Por falar em aspectos intrauterinos, a abertura de Beau… é um primor audiovisual de proposição sensorial quanto a vinda ao mundo de um ser humano pela perspectiva de um feto, no caso, o de Beau – pronuncia ‘Bôu’ (vivido por Joaquin Phoenix, sempre bom).
Nascido Beau, temos imediatamente um pulo temporal de quase 50 anos e encontramos o desmantelado protagonista esperando numa antessala para ser atendido pelo seu terapeuta (Stephen McKinley Henderson).

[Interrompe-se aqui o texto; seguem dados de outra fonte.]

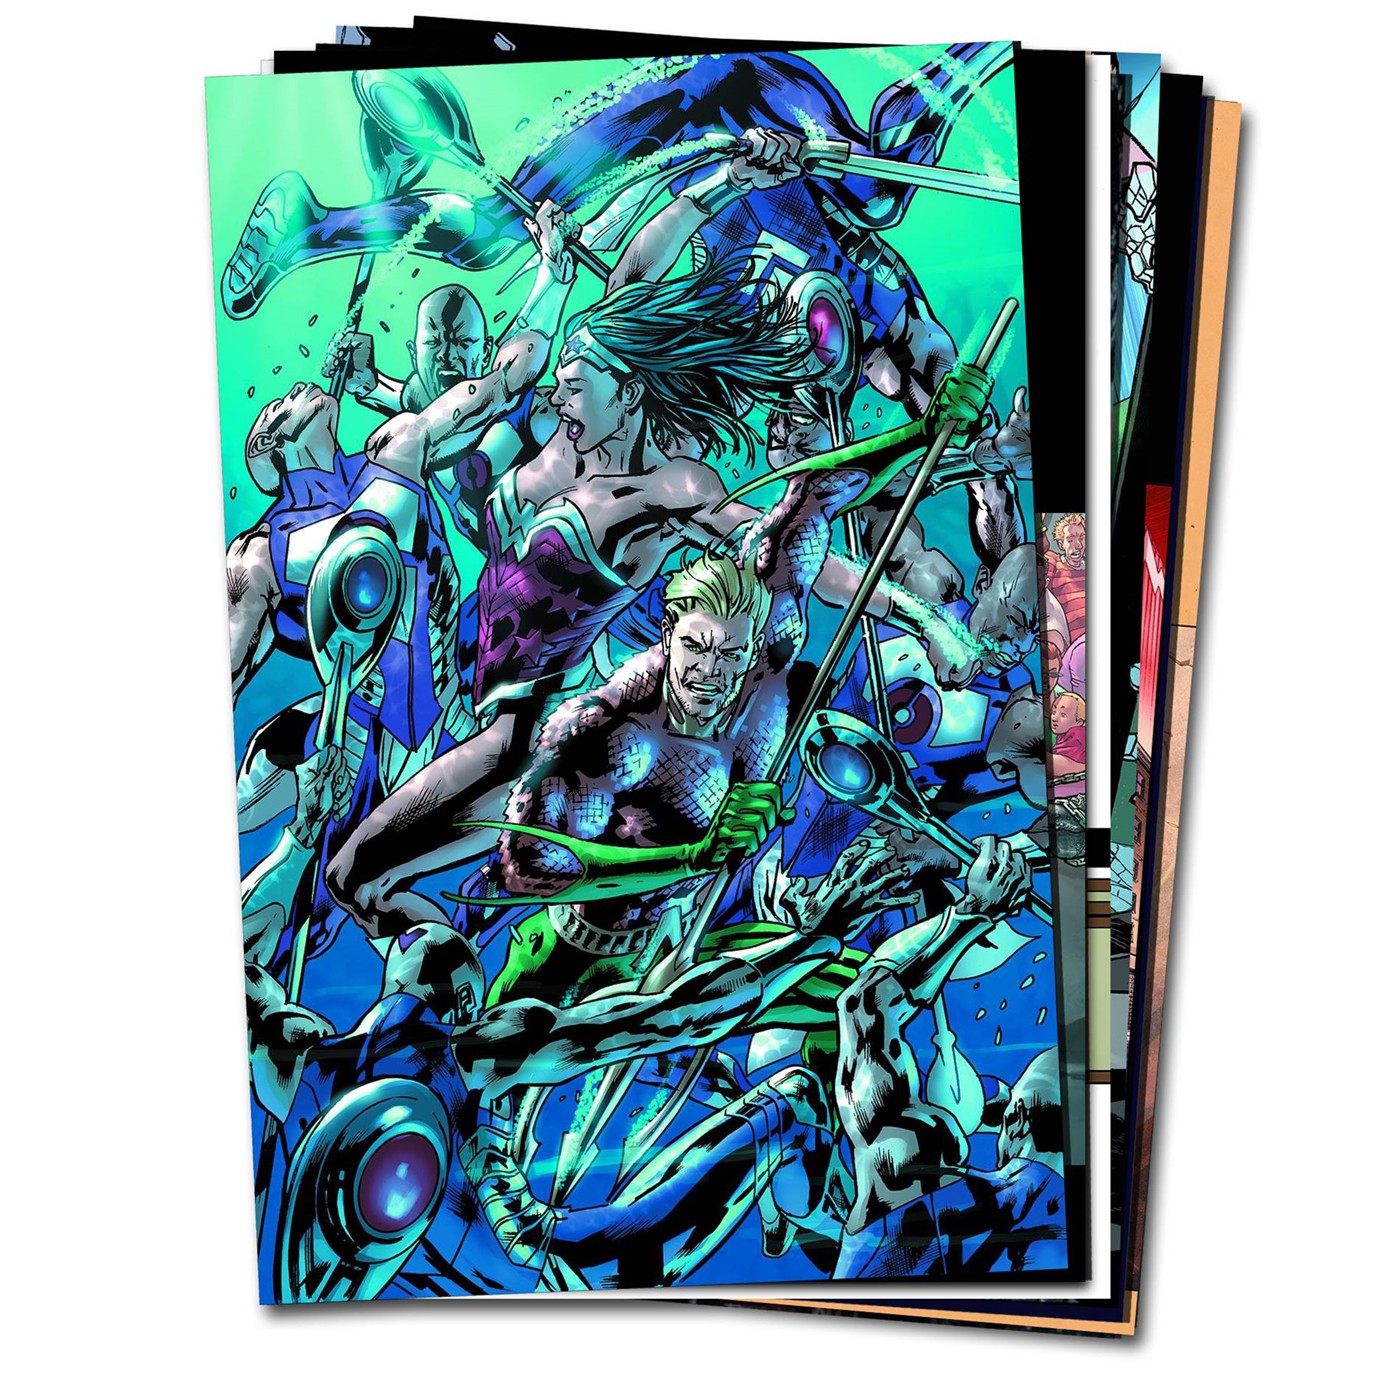 Justice League Comic Book Binge Pack for September

Nada mais sugestivo e resumitivo, que esses dois momentos iniciais, sobre o que teremos diante de nós durante os 179 minutos de projeção que serão apresentadas a partir de então.
Conheceremos esse homem, de meia idade, aflito em sua exacerbada ansiedade, controlado por medicamentos e com medo generalizado diante de qualquer decisão que precise tomar ou desafio que precise superar.
Aster desenha a saga de Beau em cinco momentos narrativos, intercalados por algumas informações sobre a infância do pobre protagonista (com o ator mirim Armen Nahapetian na pele de Beau). Ele é um filho único criado por Mona (Patti LuPome, idosa/ Zoe Lister-Jones jovem), uma viúva e castradora mãe.
A propósito, a delimitação dos cinco momentos marcados neste extenso filme o coloca num conveniente lugar para que a nova geração de espectadores possa encará-lo por partes, quando ele chegar aos streamings.
Num primeiro desses cinco momentos, conhecemos o cotidiano de Beau residente naquele que parecer ser o pior bairro do mundo. Nas ruas, é abordados por assassinos, drogados, tem de lidar com um latino dançando sob um som alto na calçada e até um cadáver já em putrefação estirado no meio da rua.
O absurdo das situações que o espectador verá aqui, podemos dizer, pode servir de ilustração de como uma pessoa afetada pela ansiedade ou crise de pânico se relaciona com um ato tão banal como o de atravessar rua para comprar uma garrafa d`água [usamos ‘ansiedade’ ou ‘crise de pânico’ por desconhecimento de um termo mais adequado no âmbito da psicologia].
Inteligente, Aster abusa do que há de nonsene no humor, para maltratar o coitado do Beau.
O que irá tirar Beau daquele inferno é a necessidade de pegar um avião e ir para aquilo que talvez seja o funeral de sua mãe, mas um acidente o leva ao seio de uma outra família que o acolhe enquanto se recupera.
Aqui, o roteiro (também de Aster) nos sugere finalmente o encontro do conforto familiar que Beau nunca teve na vida, mas o autor vai, aos poucos descascando o que há de disfuncional naquela sorridente família composta por uma adolescência em fúria (Kylie Rogeres) pelos seus próprios traumas com o pai (Nathan Lane) e a mãe (Amy Ryan).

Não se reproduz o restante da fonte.